Circulating LPS levels measured during acute infection are associated with longitudinal CD4+ T cell decline.
A Kaplan-Meier survival analysis comparing CD4+ T cell decline between individuals with LPS levels above or below the median for the cohort (n = 124). Thirteen individuals with CD4-protective HLA class I alleles were contained in the >50% LPS group, and 21 in the <50% LPS group. Statistics were generated from the log-rank test.
Fig 5.
The levels of circulating LPS at seroconversion predict levels of cellular immune activation in the T cell compartment at 3 months post infection.

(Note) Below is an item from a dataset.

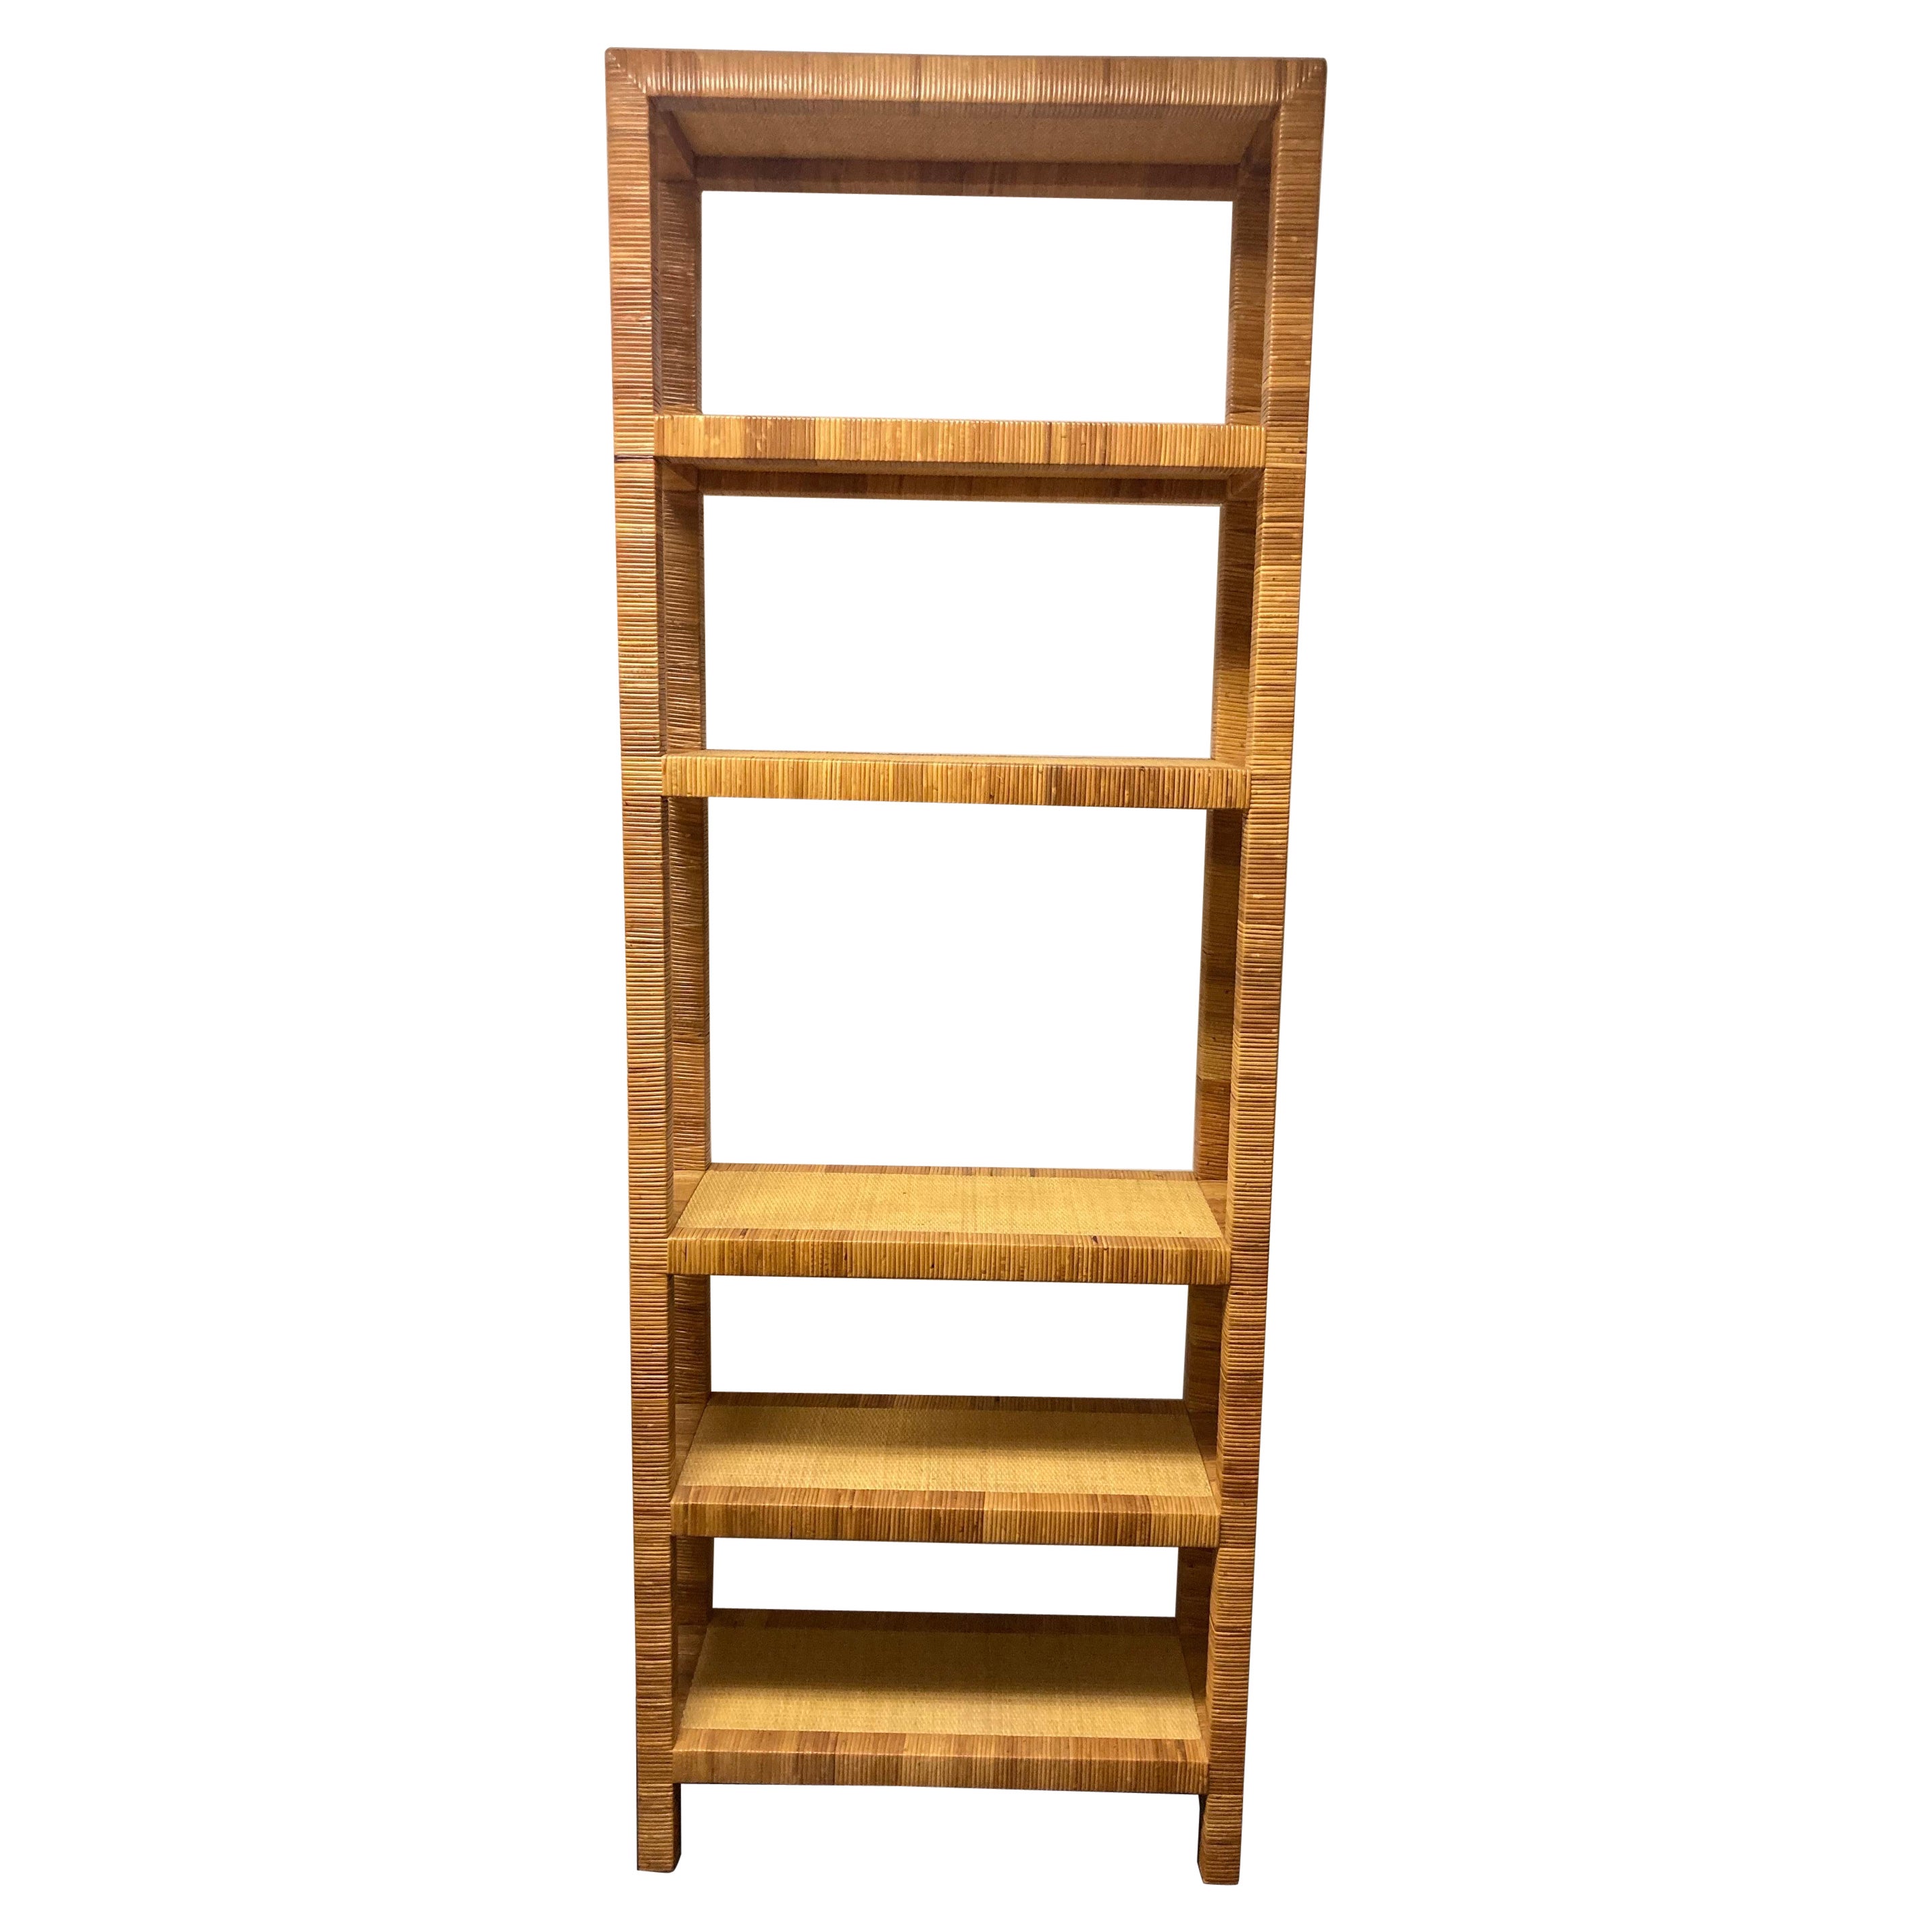 Bielecky Brothers Cane and Rattan Etagere

Cryopreserved PBMCs isolated 3 months (mean of 97 days) post infection were stained for markers of immune activation, exhaustion, and cellular turnover as well as for the delineation of memory subsets in CD4 and CD8 T cells for a subset of the cohort for whom cryopreserved PBMCs were available (n = 19). Five of these 19 individuals carried CD4-protective HLA class I alleles. (A–B) Direct associations between LPS levels and the percentage of PD-1+ cells in central memory (CD45RO+/CCR7+) and effector memory (CD45RO+/CCR7-) CD4+ T cells. (C–E) Direct associations between LPS levels and markers of activation (CD38+/HLA-DR+, CD38 MFI) and turnover (Ki67+) in CD8+ T cells. Correlation statistics were generated using linear regression. Solid lines indicate trend lines and dashed lines represent 95% confidence bands.
Fig 6.
Individuals with CD4-protective HLA class I alleles more efficiently target conserved regions of Gag.
(A) A graphical depiction of a generalized linear model showing the relative association between the presence of CD4-protective HLA class I alleles with IFNγ ELISpot responses to Gag PTE peptide pools from cryopreserved PBMCs collected a median of 45 days post infection. A correction factor for transmitted Gag sequence similarity to the PTE peptide pools was added as a covariate. The distance between horizontal lines represent the difference in means between individuals with (light blue, n = 6) and without (gray, n = 27) protective HLA class I alleles whereas the direction of the lines represents regression between the two continuous variables: Gag sequence similarity to peptide pools (x-axis) and IFNγ ELISpot responses reported as spot forming units per million PBMCs (y-axis). (B) Cryopreserved PBMCs collected at one-year post infection (median 339 days post infection) were interrogated with peptide pools containing 300 clade C consensus 10-mer PTE Gag peptides, with subsequent deconvolution to identify single peptide responses. The number of individual Gag peptide responses for individuals with (blue bar, n = 6) and without (gray bar, n = 12) CD4-protective HLA class I alleles are depicted. (C) A graphical depiction of a generalized linear model showing the relative association between the presence of CD4-protective HLA class I alleles with IFNγ ELISpot responses to Gag HIVconsv peptides [51] from cryopreserved PBMCs collected a median of 45 days post infection. A correction factor for transmitted Gag sequence similarity to the 3 Gag regions covered by the 31 HIVconsv Gag peptides was added as a covariate. The distance between horizontal lines represent the difference in means between individuals with (light blue, n = 6) and without (gray, n = 27) protective HLA class I alleles whereas the direction of the lines represents regression between the two continuous variables: Gag sequence similarity to HIVconsv Gag peptides (x-axis) and IFNγ ELISpot responses reported as spot forming units per million PBMCs (y-axis).